**WORK INSTRUCTIONS:** Copy exactly, and copy nothing else: the line that contains "Salva baule Audi A5 Sportback telo cane" and all lines after it in the listing, without pictures.

**RECORDED DATA:**
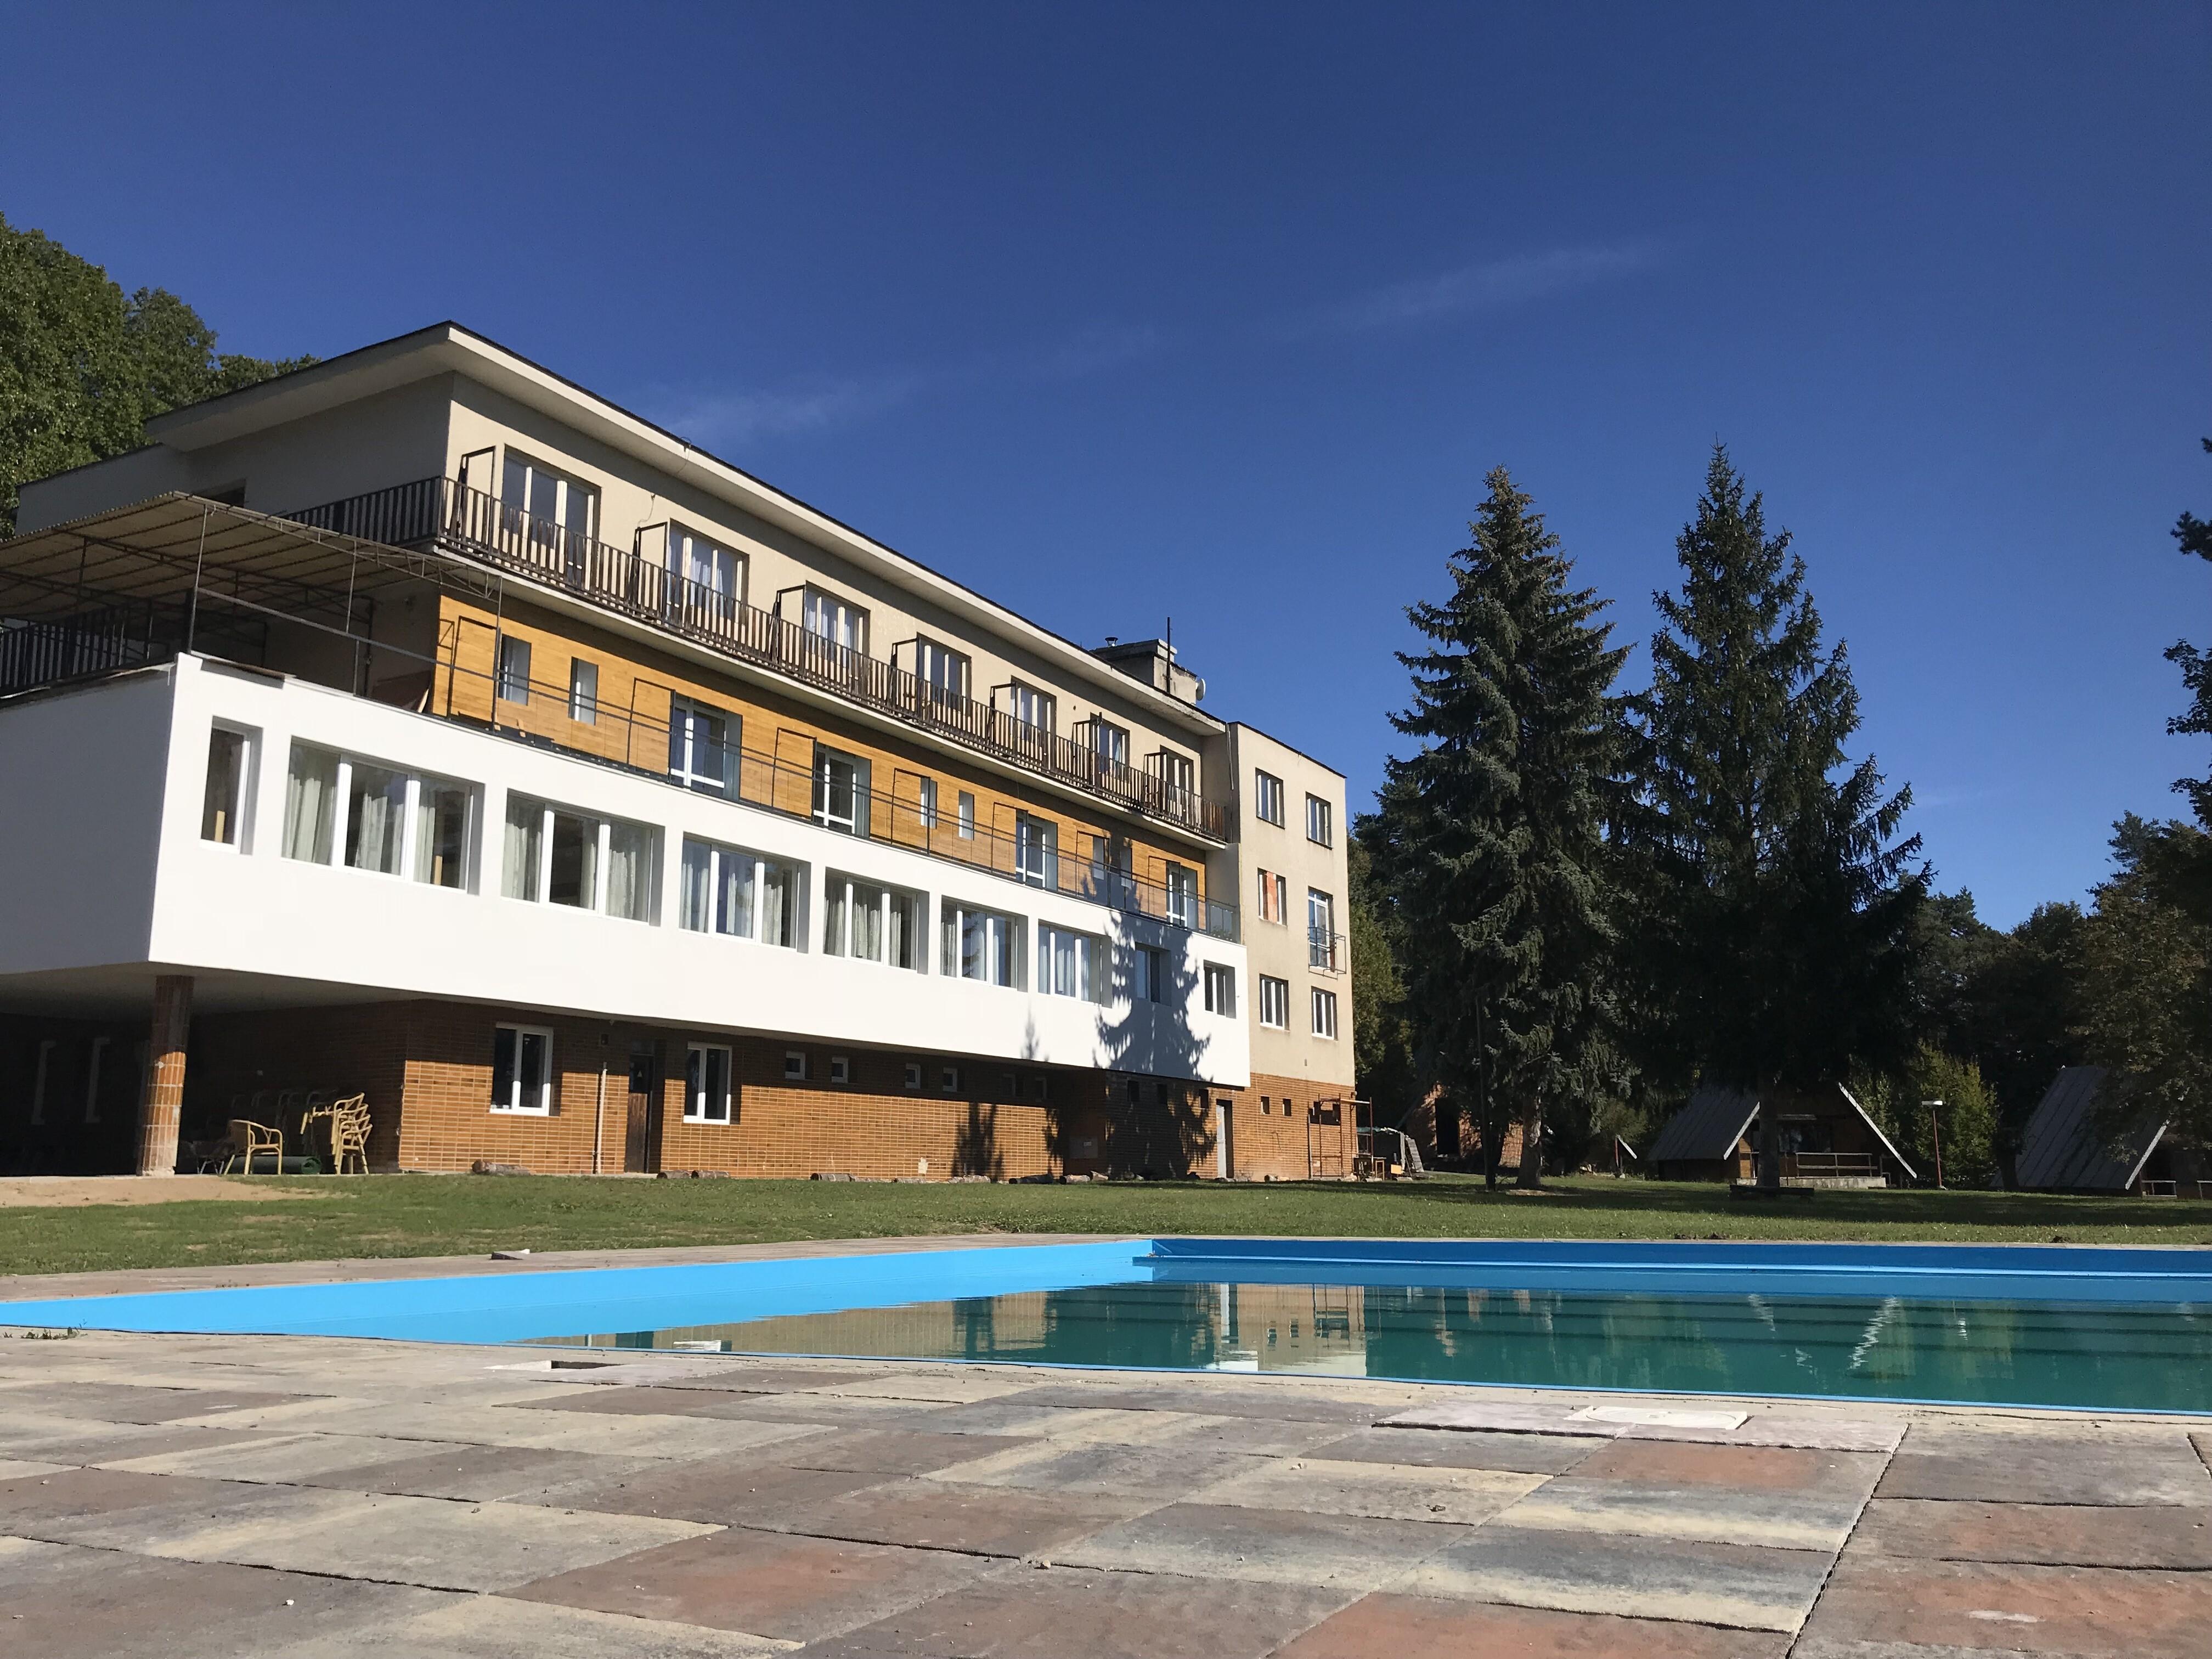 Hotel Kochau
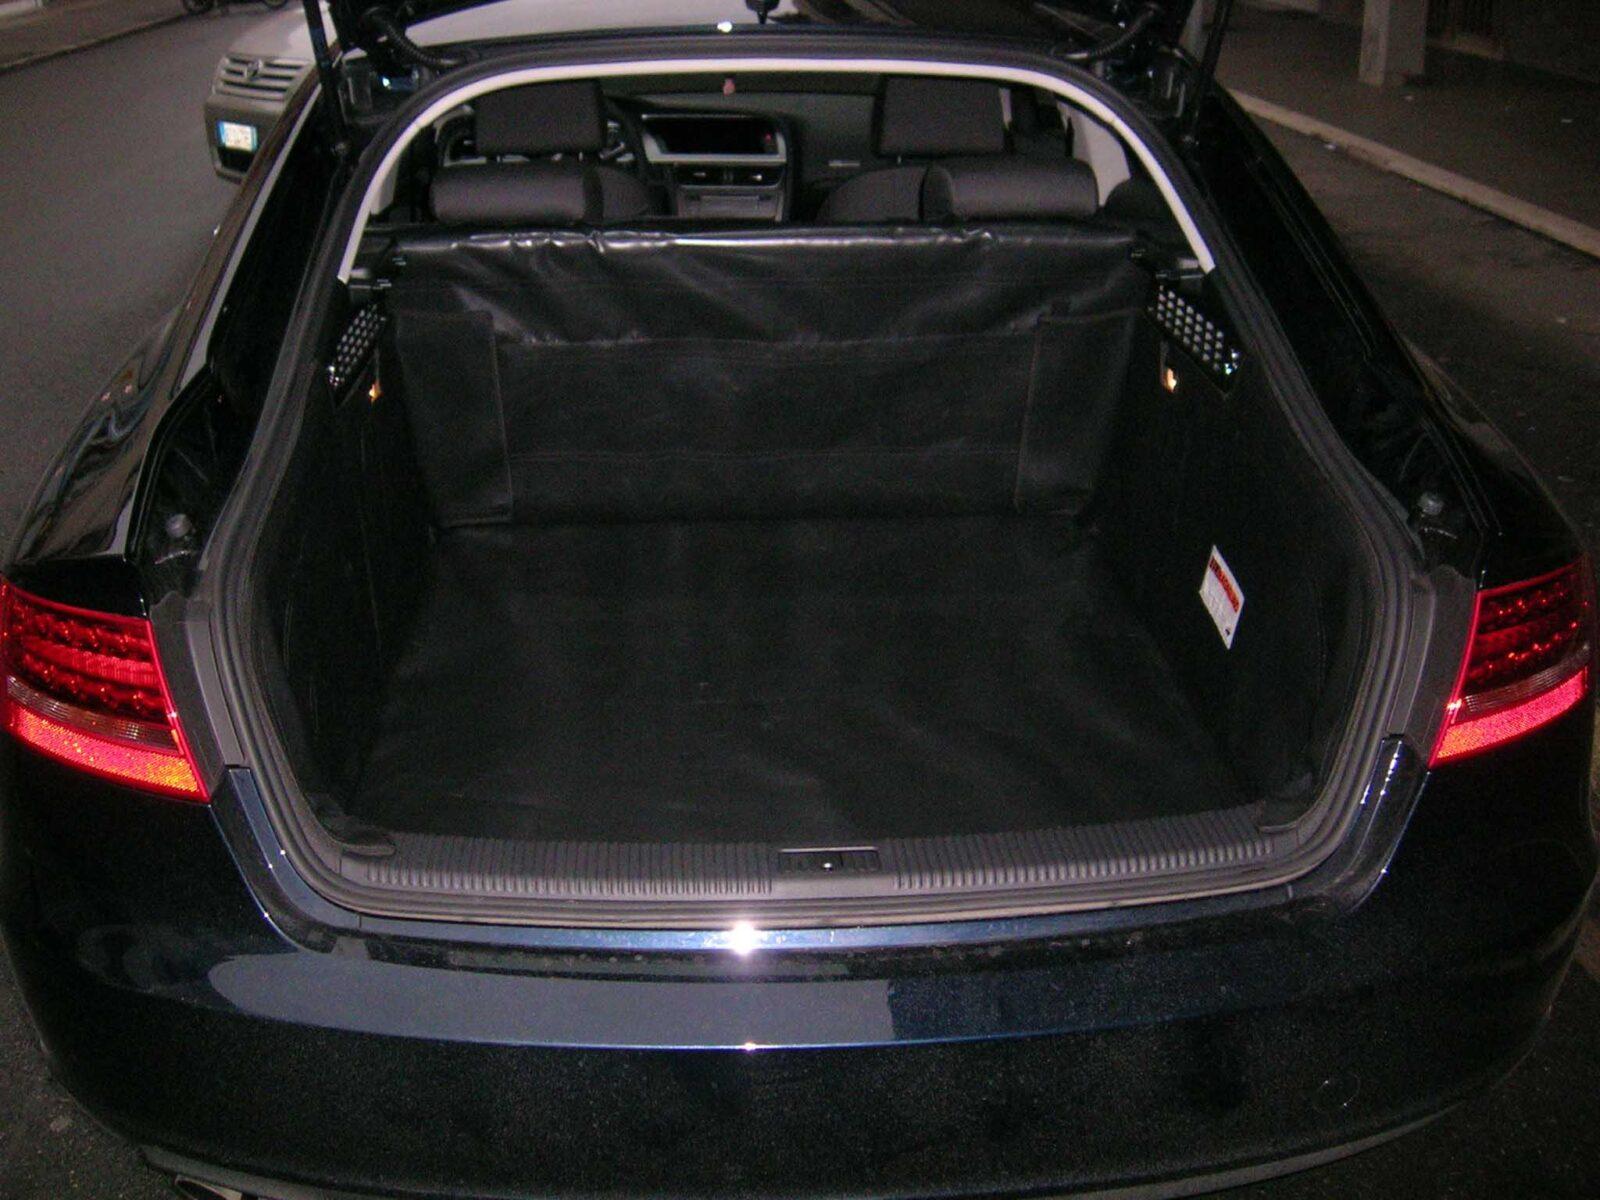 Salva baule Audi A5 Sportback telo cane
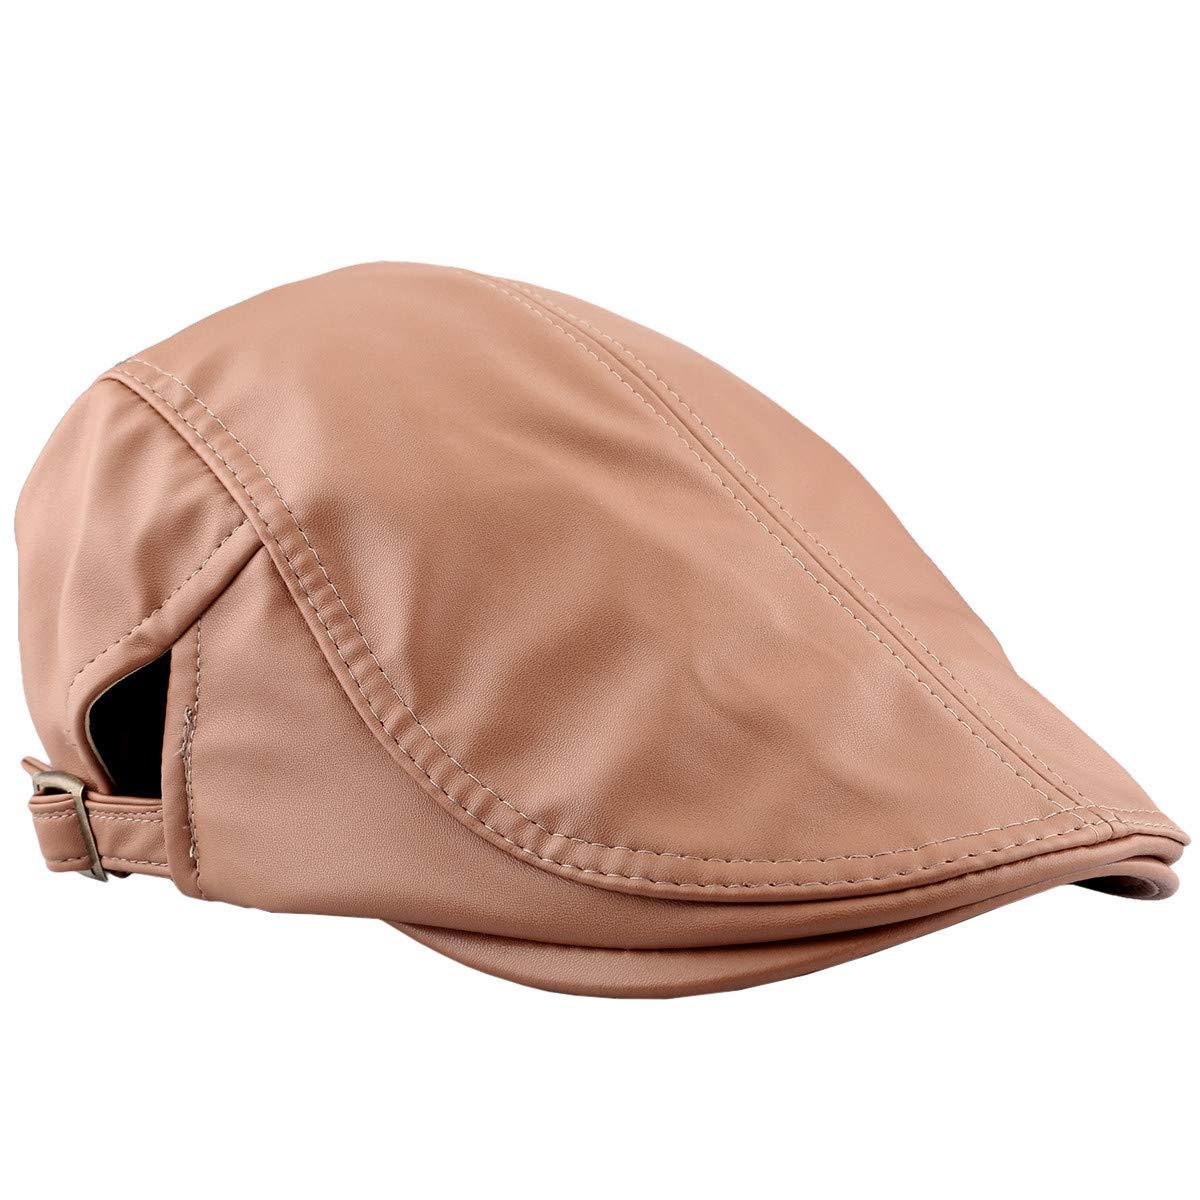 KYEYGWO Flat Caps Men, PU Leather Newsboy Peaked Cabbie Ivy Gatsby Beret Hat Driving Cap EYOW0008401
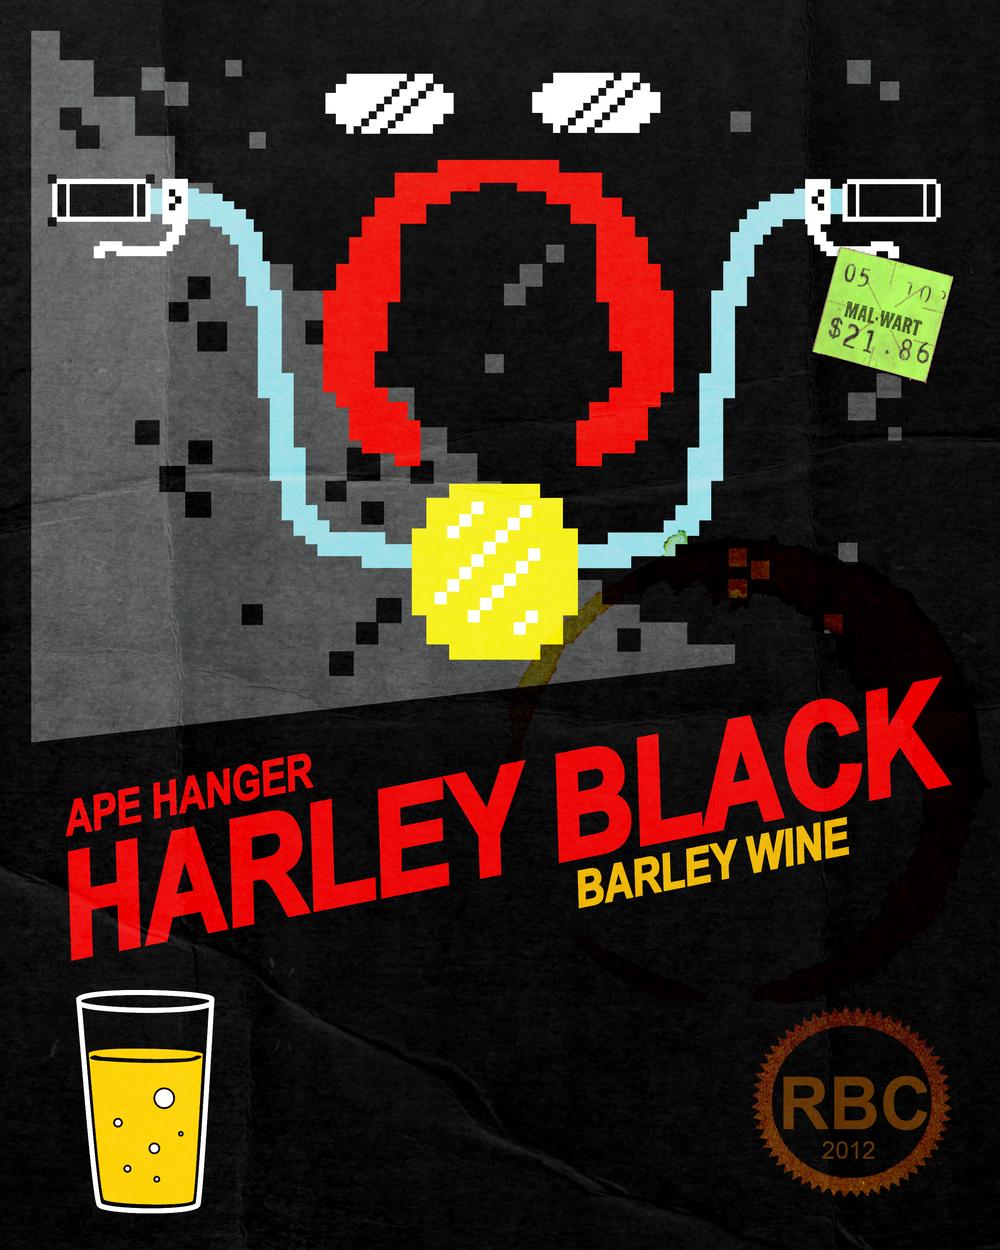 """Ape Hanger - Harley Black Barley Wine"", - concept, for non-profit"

**ANSWER:**
 Salva baule Audi A5 Sportback telo cane
 KYEYGWO Flat Caps Men, PU Leather Newsboy Peaked Cabbie Ivy Gatsby Beret Hat Driving Cap EYOW0008401
 """Ape Hanger - Harley Black Barley Wine"", - concept, for non-profit"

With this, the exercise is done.